Given information
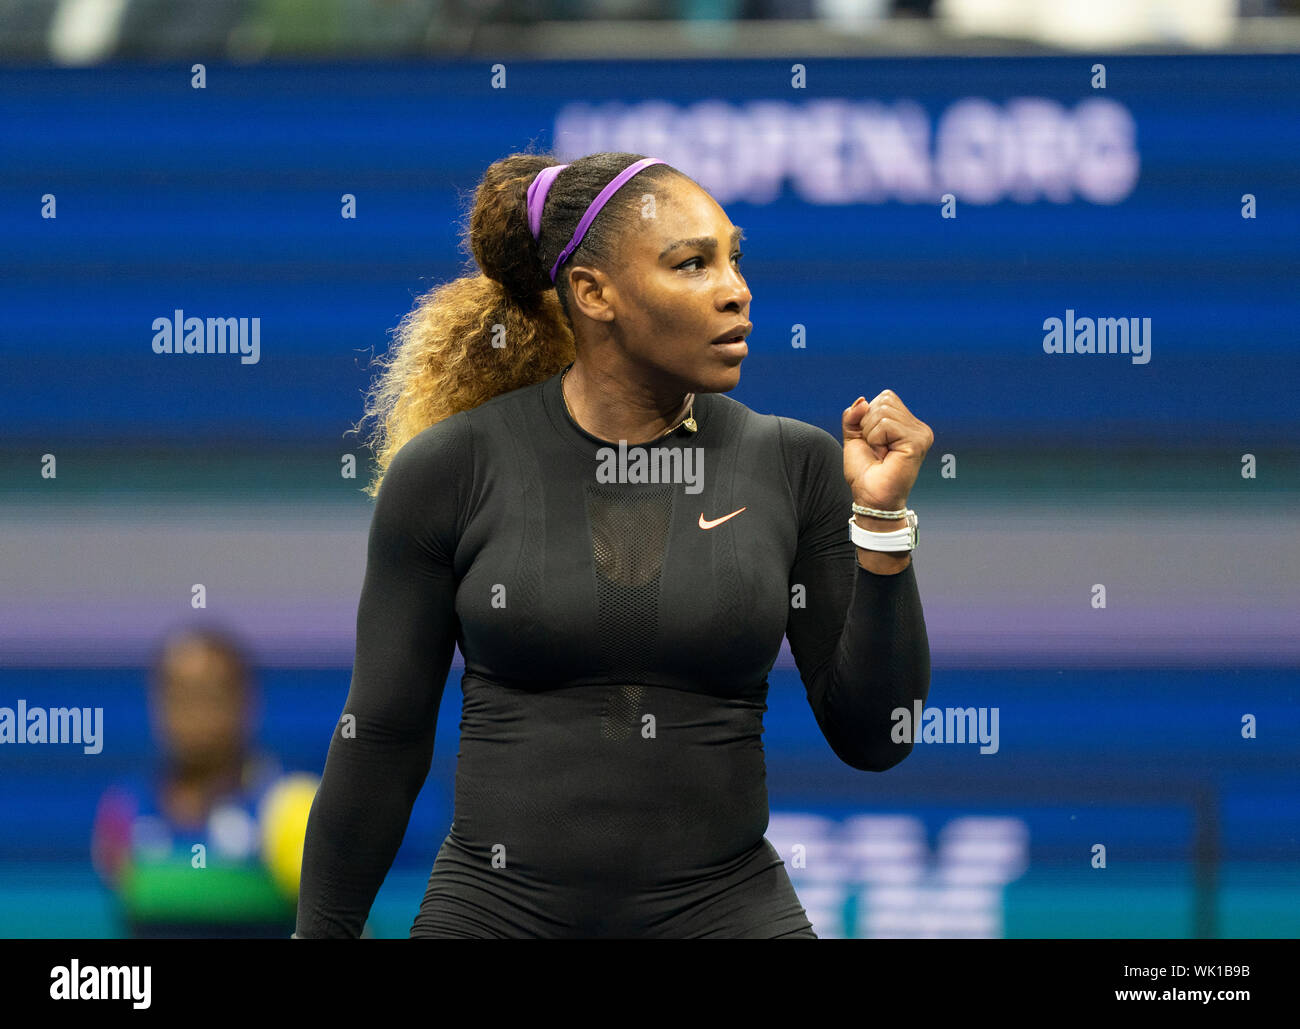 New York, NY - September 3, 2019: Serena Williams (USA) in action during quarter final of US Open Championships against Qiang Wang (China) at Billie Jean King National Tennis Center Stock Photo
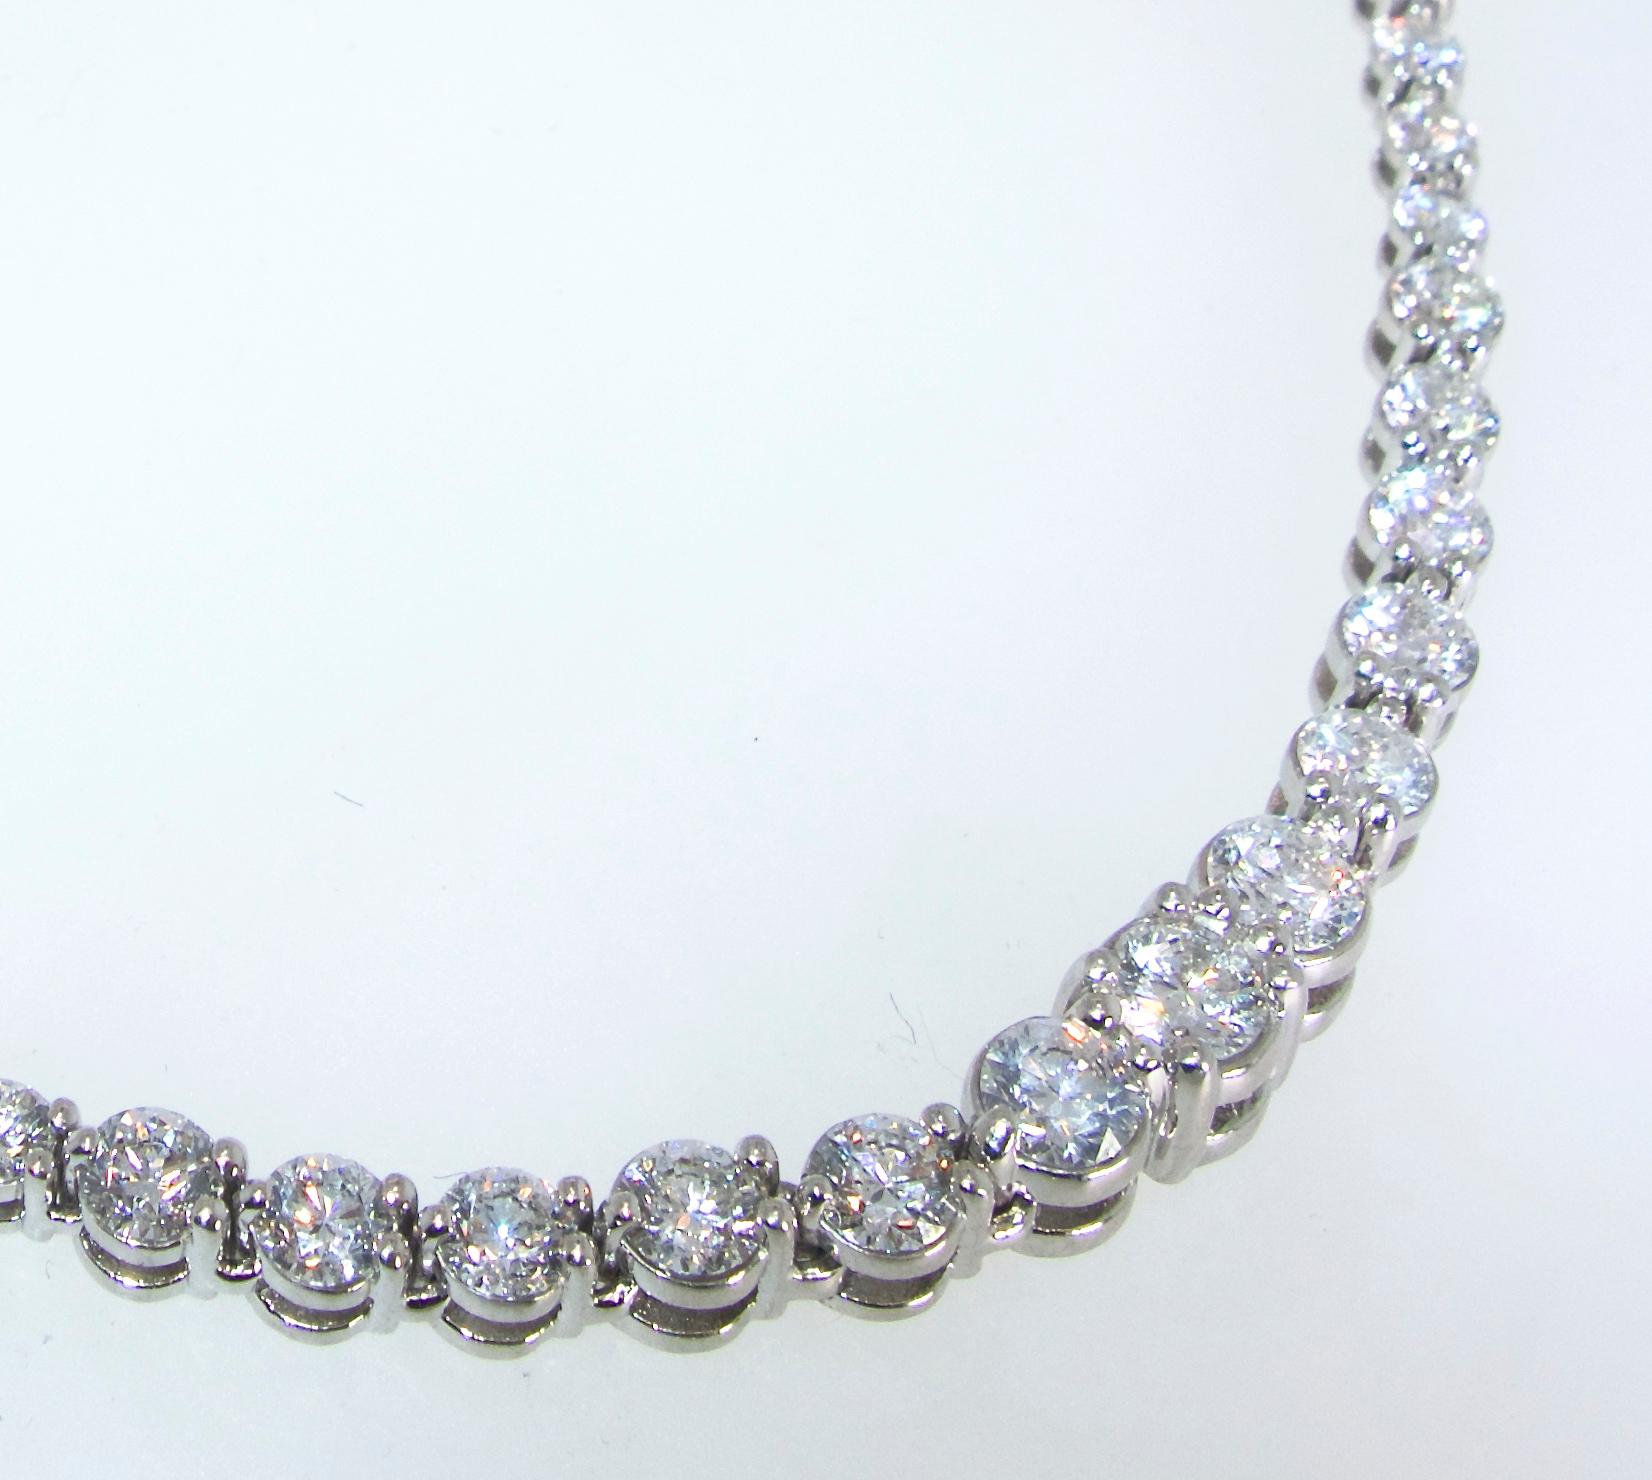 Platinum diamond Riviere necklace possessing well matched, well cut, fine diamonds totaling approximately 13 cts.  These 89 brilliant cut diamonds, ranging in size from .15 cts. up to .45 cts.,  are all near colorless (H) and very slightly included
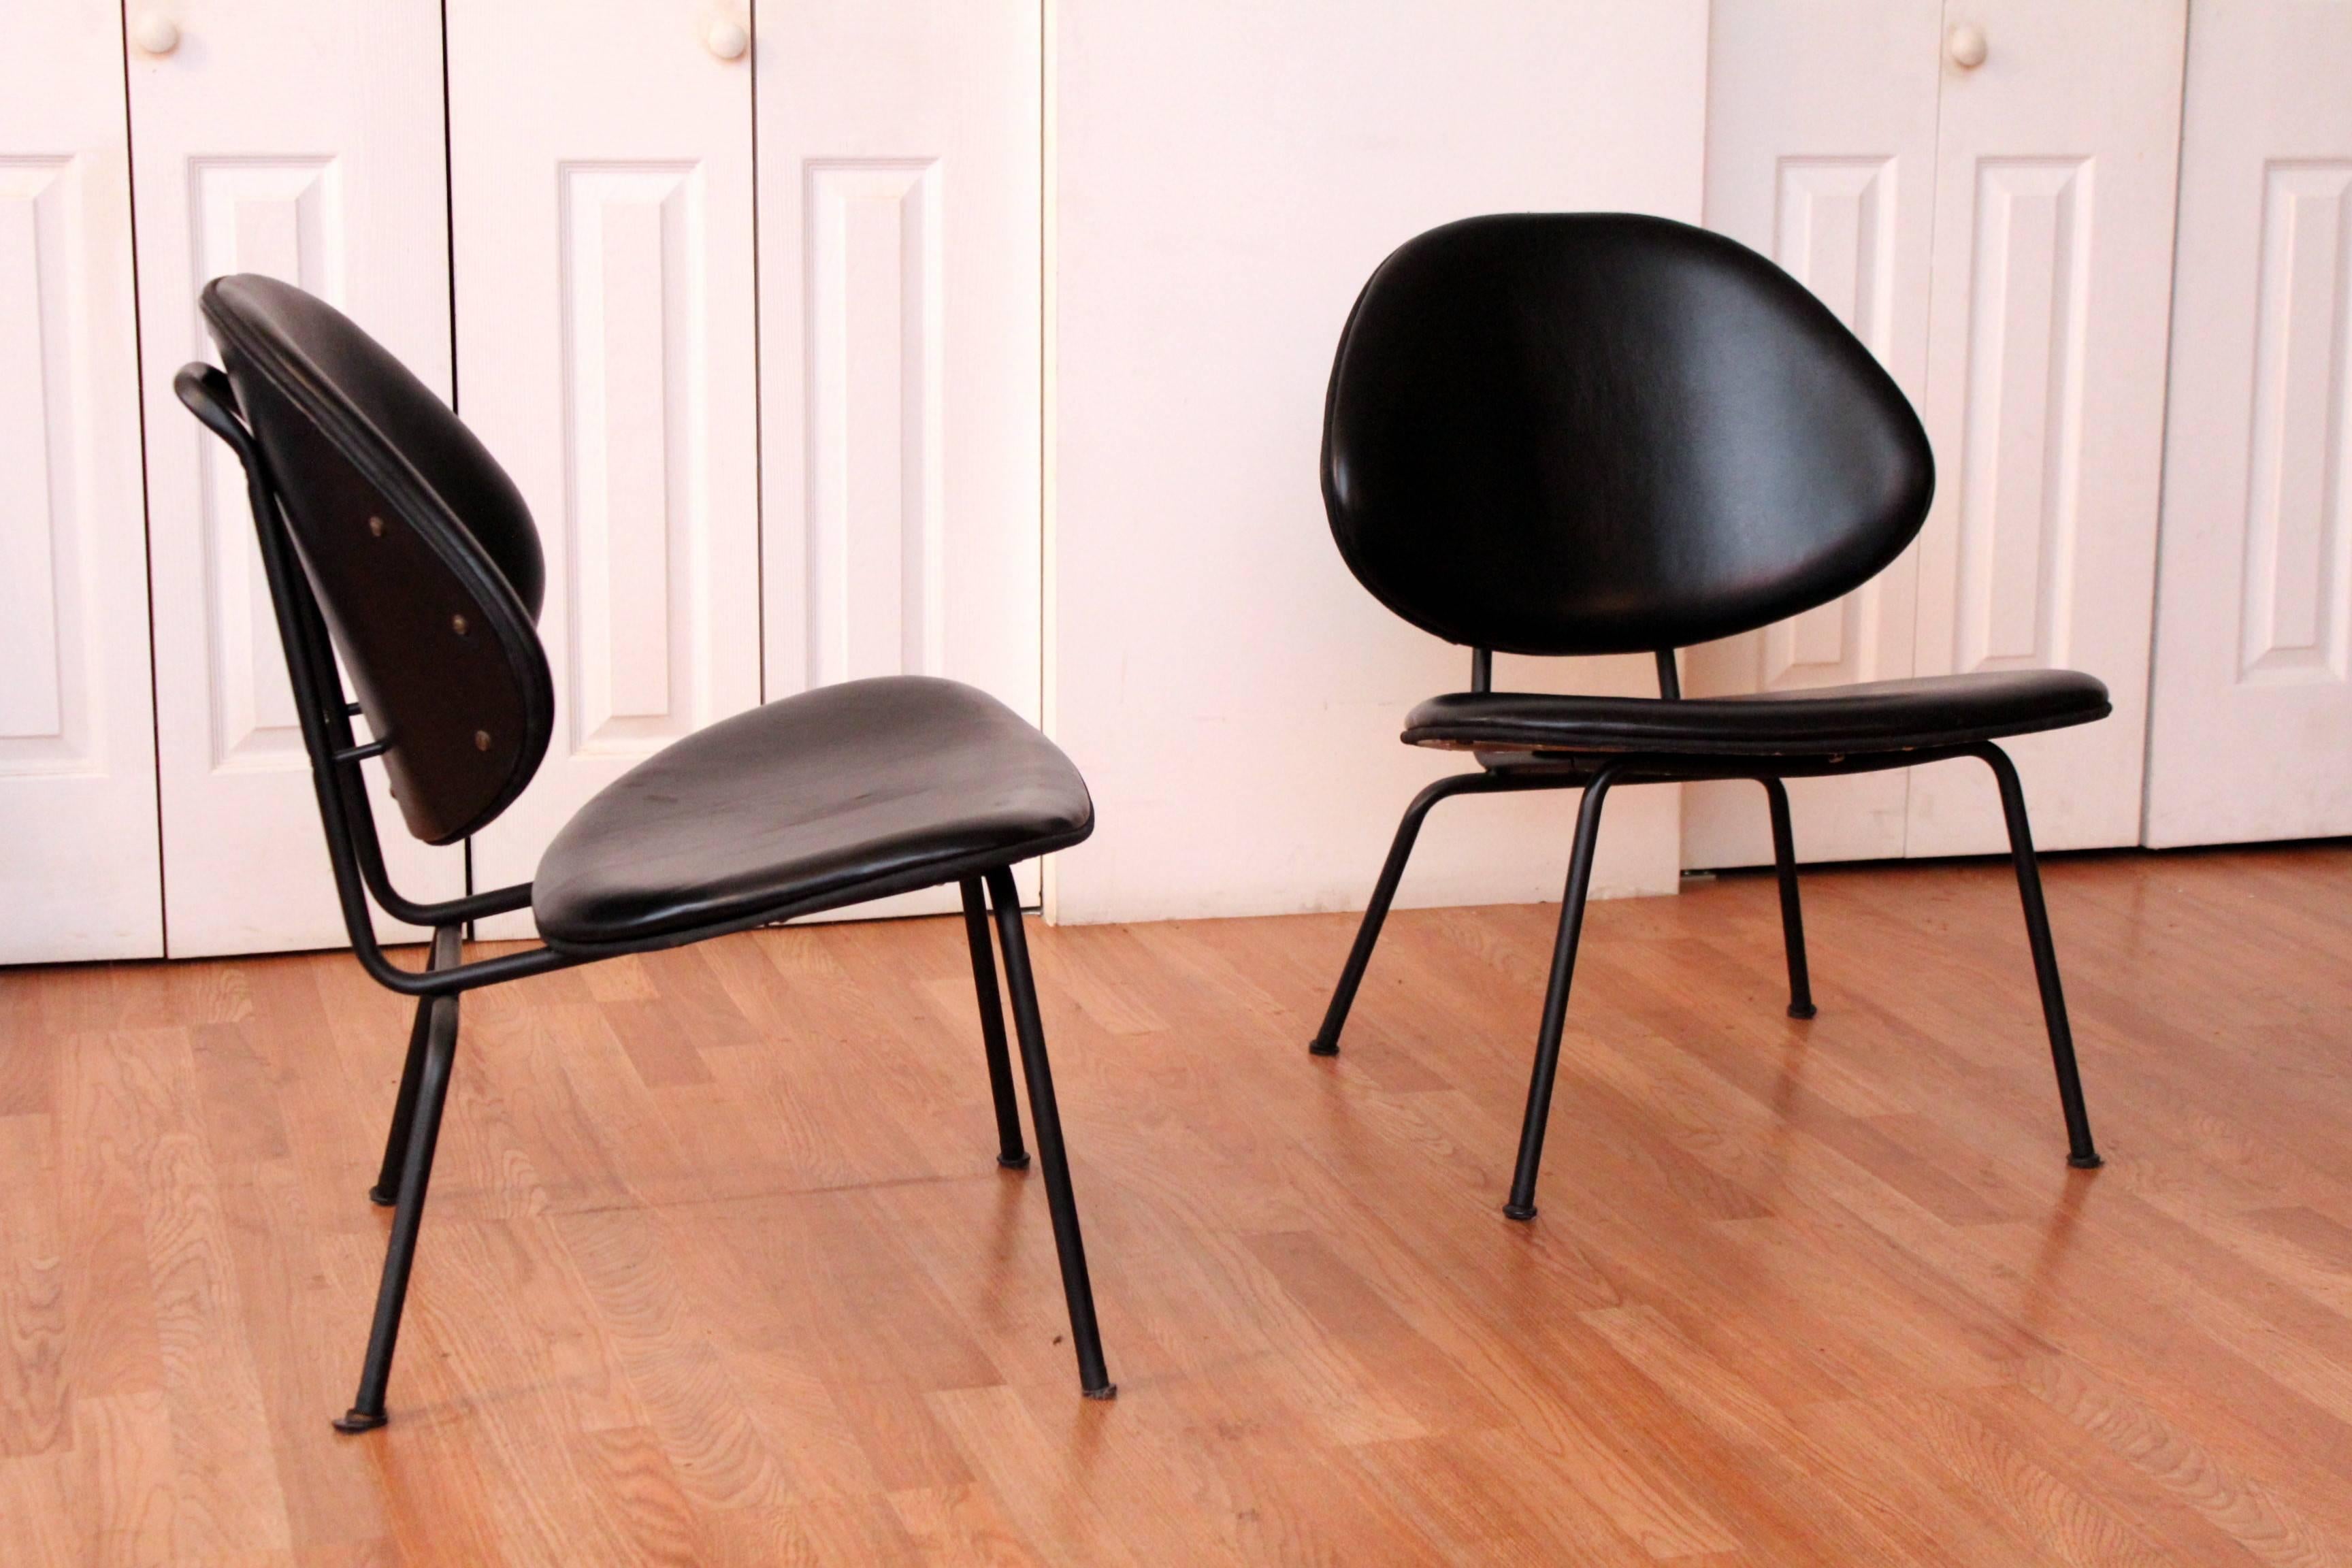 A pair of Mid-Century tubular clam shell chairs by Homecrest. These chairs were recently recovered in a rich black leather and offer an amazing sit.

Task details
Please copy the data above word for word, but only from the line that contains "Platinum diamond Riviere" through the final line, both included, and without the pictures.

Answer to this task
 Platinum diamond Riviere necklace possessing well matched, well cut, fine diamonds totaling approximately 13 cts.  These 89 brilliant cut diamonds, ranging in size from .15 cts. up to .45 cts.,  are all near colorless (H) and very slightly included
 A pair of Mid-Century tubular clam shell chairs by Homecrest. These chairs were recently recovered in a rich black leather and offer an amazing sit.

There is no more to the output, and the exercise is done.